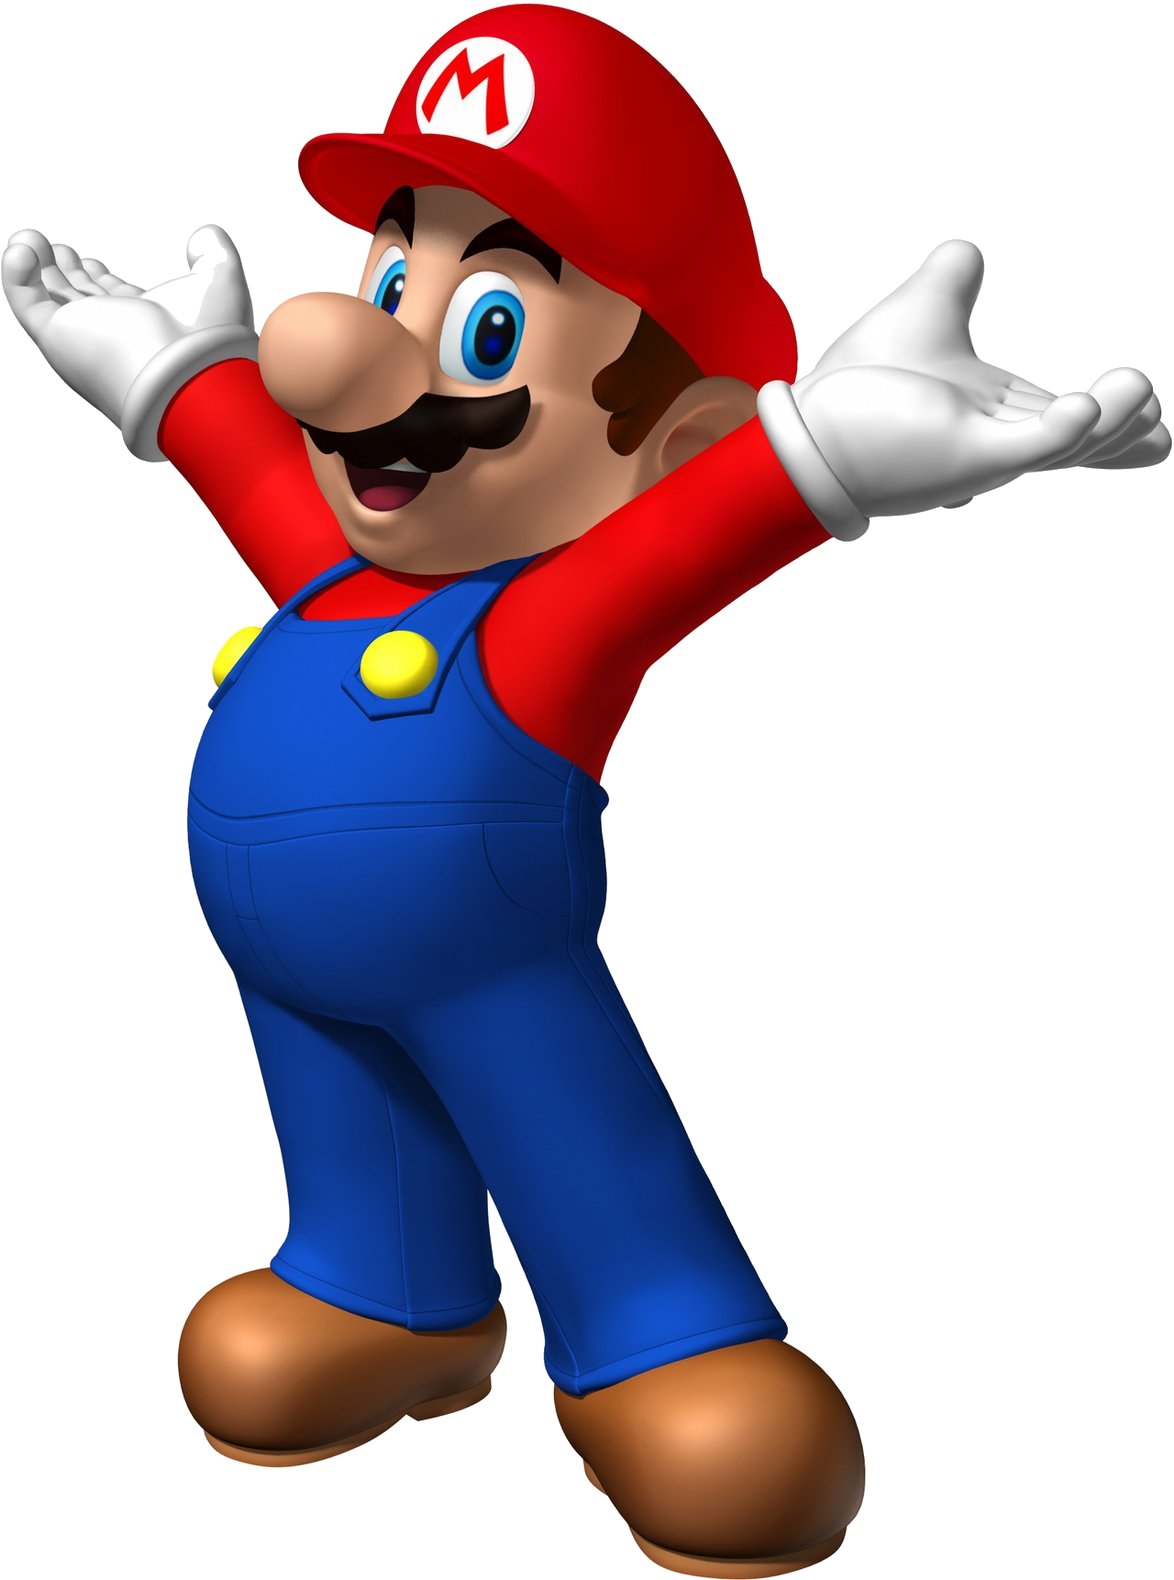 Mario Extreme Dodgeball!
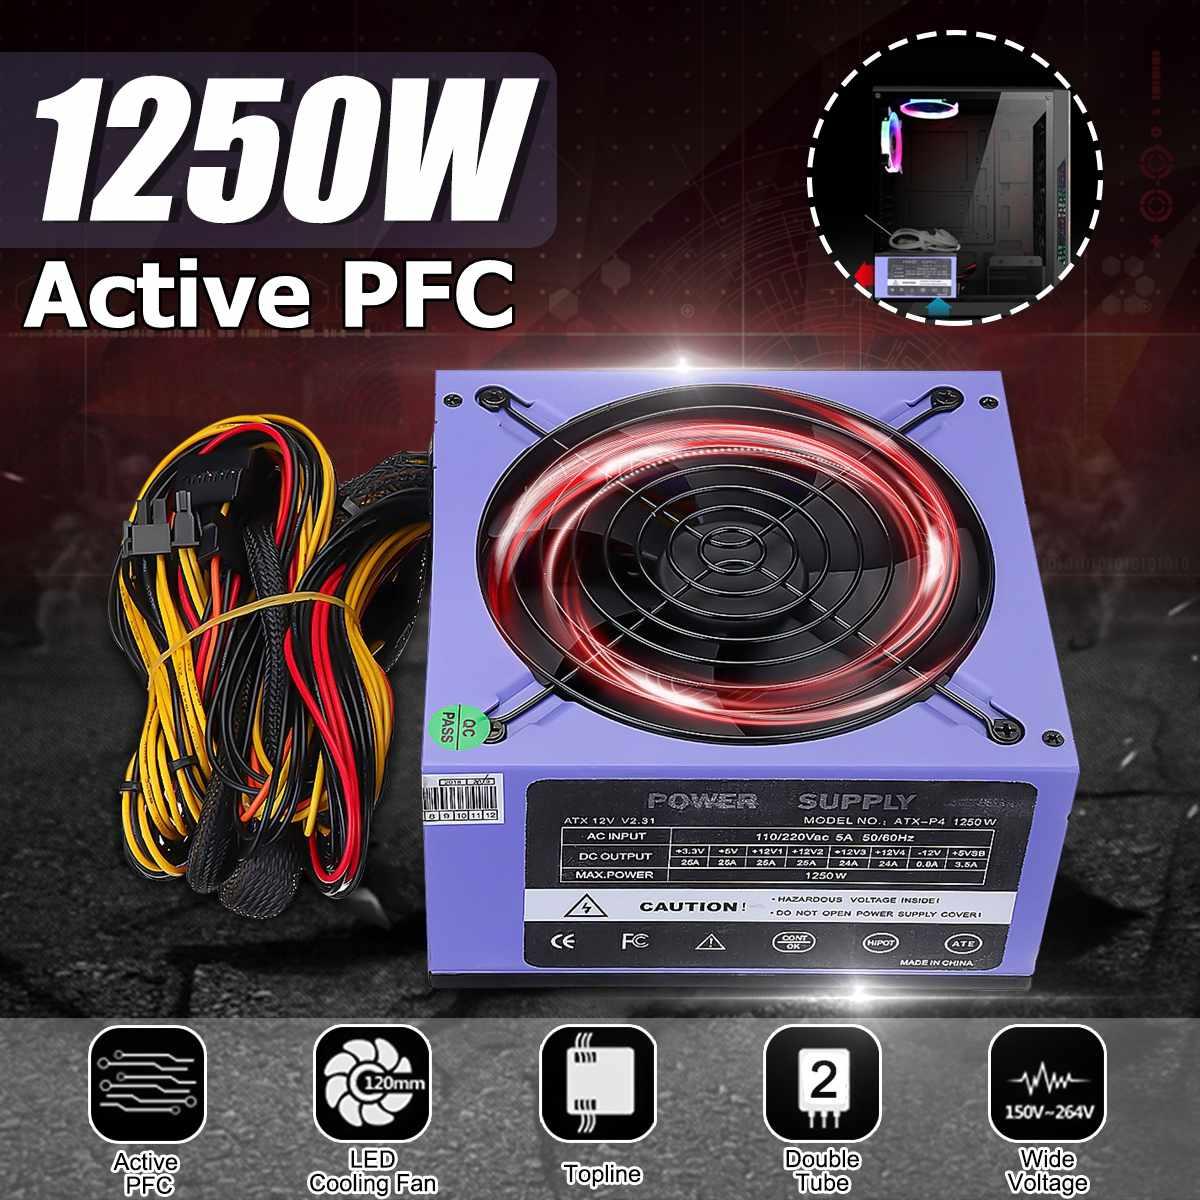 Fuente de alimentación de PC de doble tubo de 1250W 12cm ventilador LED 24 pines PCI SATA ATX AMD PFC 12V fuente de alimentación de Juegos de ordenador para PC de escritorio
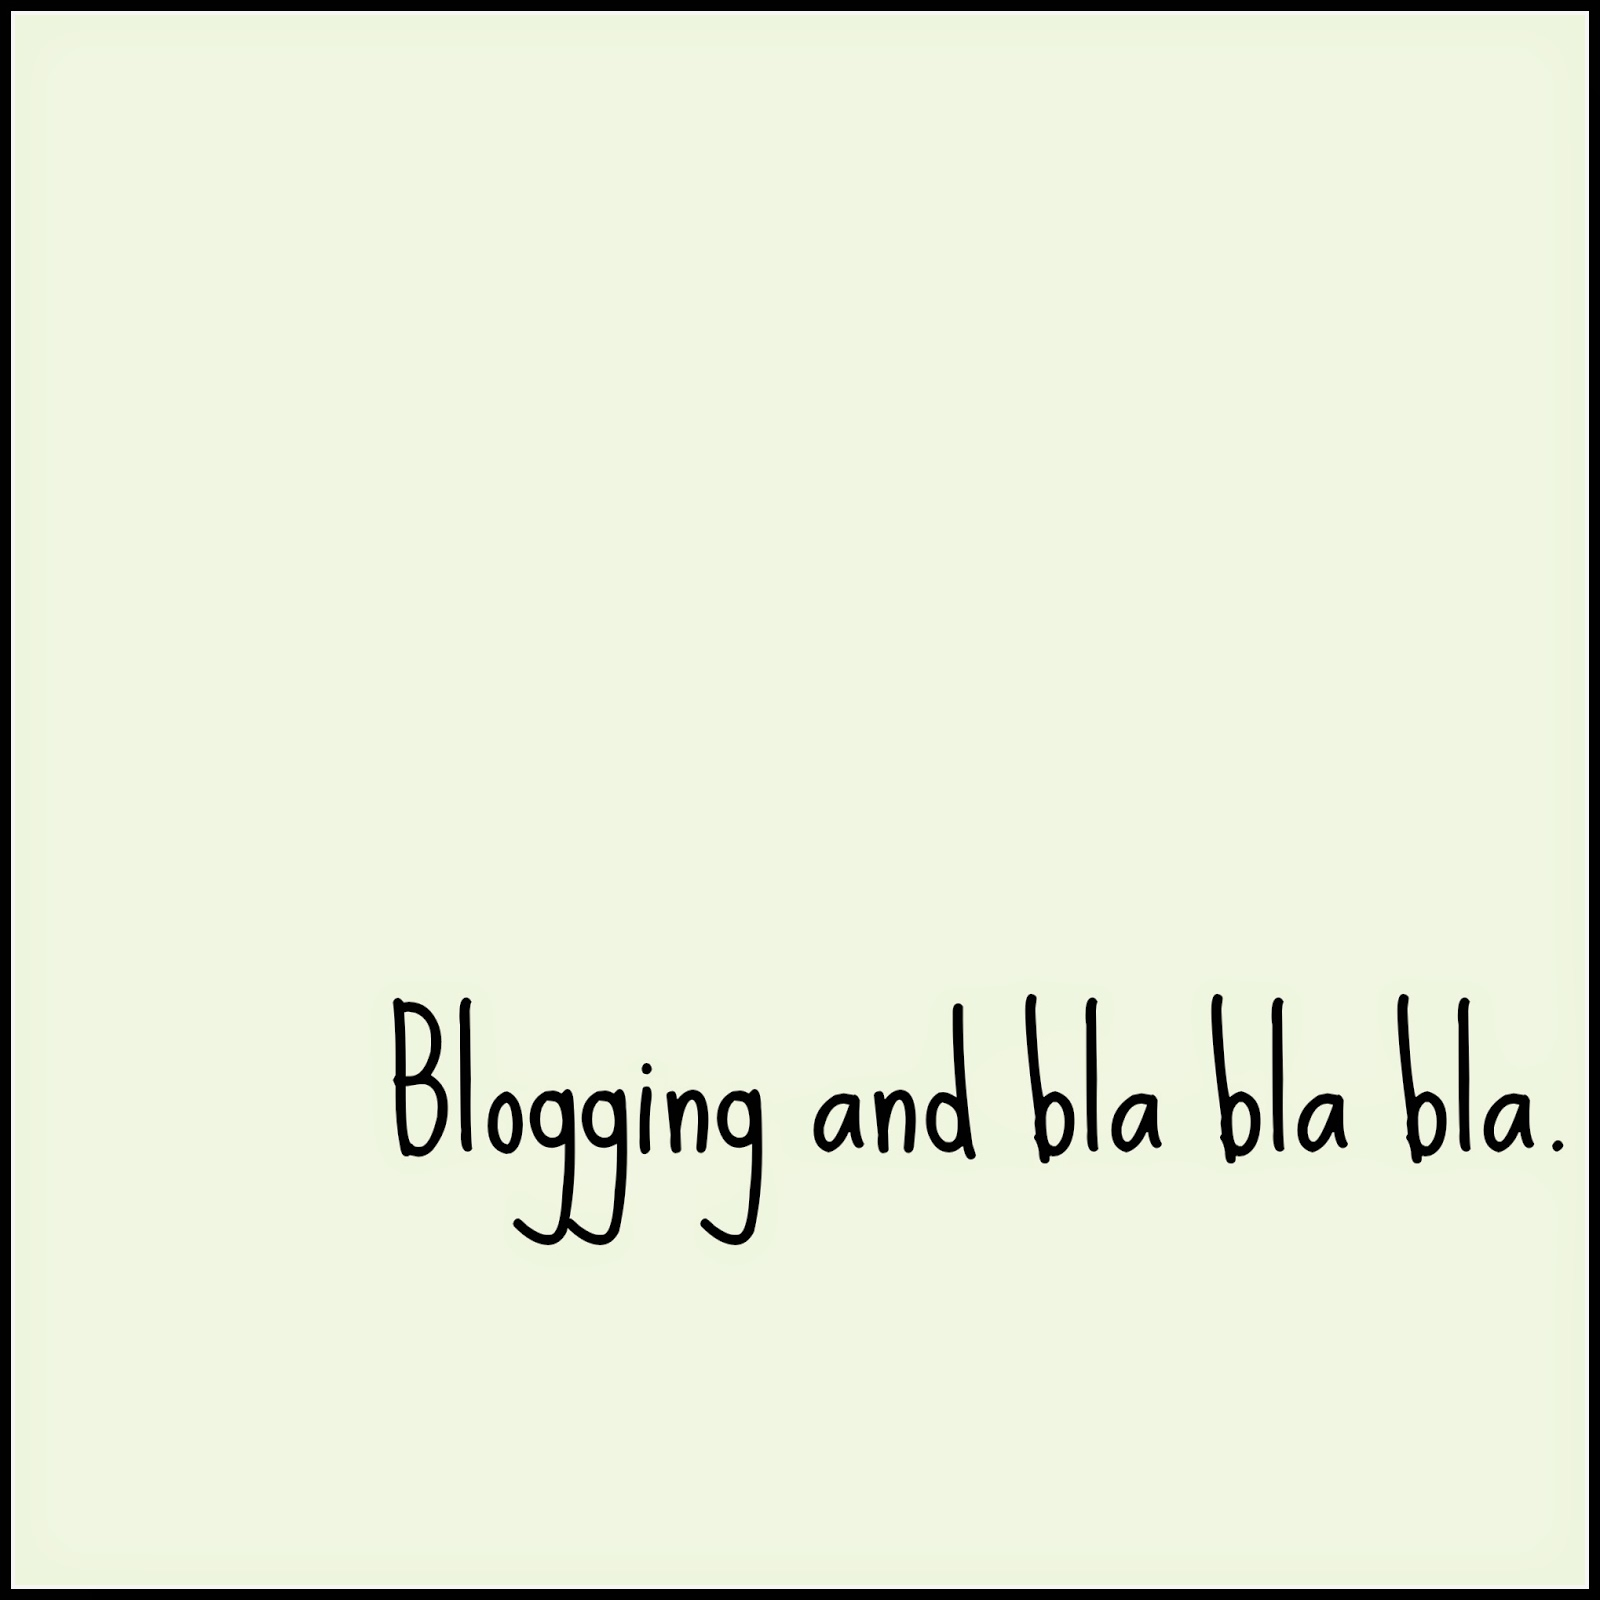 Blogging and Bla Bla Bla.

────

• **EXERCISE DIRECTIONS**
The copy should match each line above exactly and contain no images.

• **COMPLETED EXERCISE**
 Mario Extreme Dodgeball!
 Fuente de alimentación de PC de doble tubo de 1250W 12cm ventilador LED 24 pines PCI SATA ATX AMD PFC 12V fuente de alimentación de Juegos de ordenador para PC de escritorio
 Blogging and Bla Bla Bla.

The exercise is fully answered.